Мы поднялись на третий этаж.

Дверь открылась с первого раза.

Изобразив на лице глубокую признательность, она пригласила меня войти.

Я вошёл. На пороге нас встретил кот Самсон.

Эля заперла дверь, прислонилась к косяку и сразу же начала плакать, будто только и ждала этого момента.

Этого ещё не хватало!

Сначала я просто вытирал ей слёзы пальцами, как маленькой. Потом сходил на кухню за стаканом воды. Самсон попёрся за мной. На кухне он бросался под ноги и отчаянно мурлыкал. Жрать, наверное, хотел, бедненький.

Потом мы оказались в её комнате. На её кровати.

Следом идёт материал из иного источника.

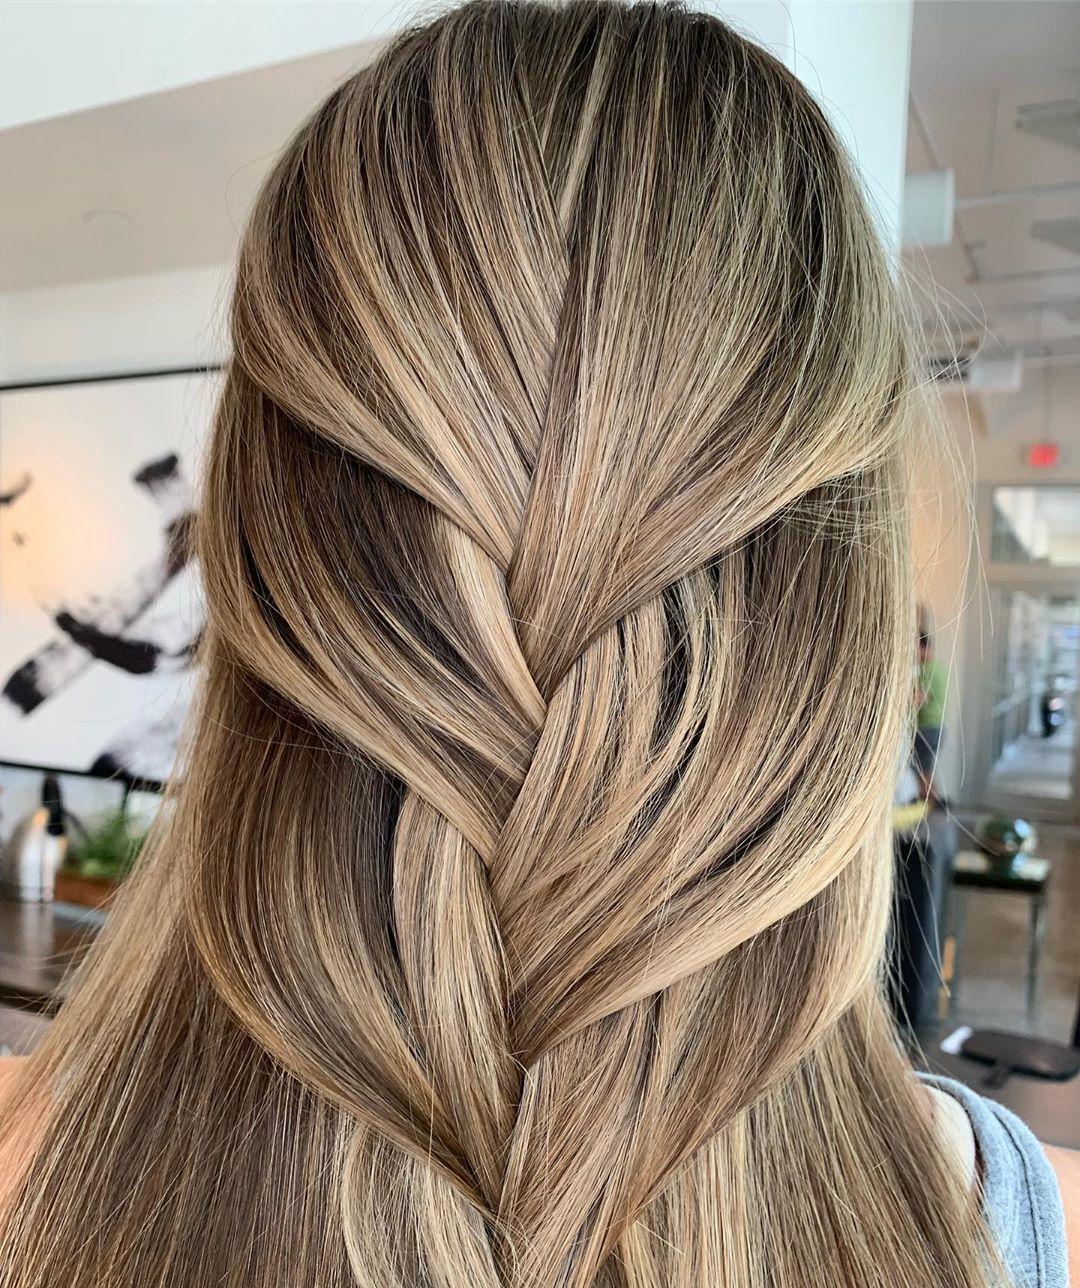 Simple ponytail in Boho Braid style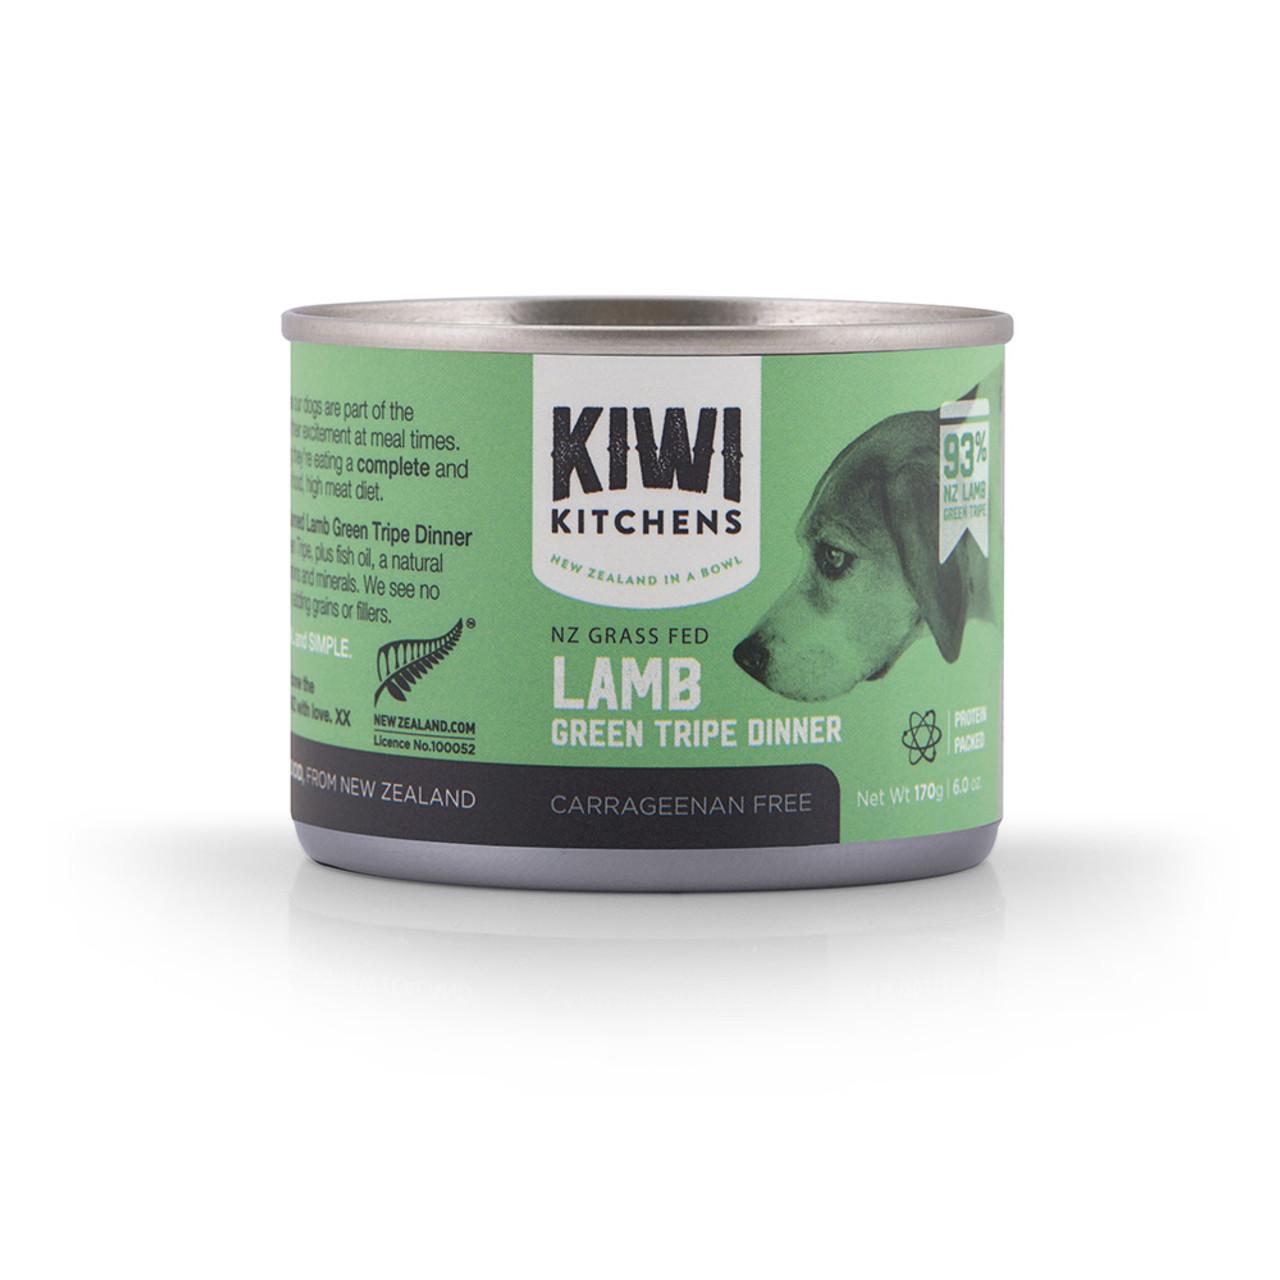 Kiwi Kitchens Grass Fed Lamb Green Tripe Dinner Canned Dog Food

Что же я делаю? Я не имею права!

Надежда, страх, желание – всё смешалось в одну кучу и вылилось в то, что произошло дальше.

Она стала моей первой женщиной.

Первой, если не брать в расчёт «сто восьмой» Наташки, малолетней проститутки, которая промышляла в нашем дворе оральным сексом. Дело обычно делалось в заброшенном складе для стеклотары. Оплата – строго по таксе. Такса – пять рублей. Но можно было договориться и подешевле, если повезёт. Правда, я никогда не торговался. Совал в её ладошку «пятёрку» и всё. Она принималась за дело.

Она ушла на кухню заваривать кофе, а я сидел в её постели и от нечего делать перелистывал попавшийся мне под руку иностранный журнальчик, иллюстрированный модными красотками на капотах машин и прочей ерундой, когда она вошла и сразу, с порога, огорошила меня новостью. Она сказала мне, что «залетела».

- В смысле? - переспросил я, хотя всё прекрасно понял.

- В смысле, - с расстановкой сказала она, - мне кажется: я беременная. Вот такие дела, Лёнчик.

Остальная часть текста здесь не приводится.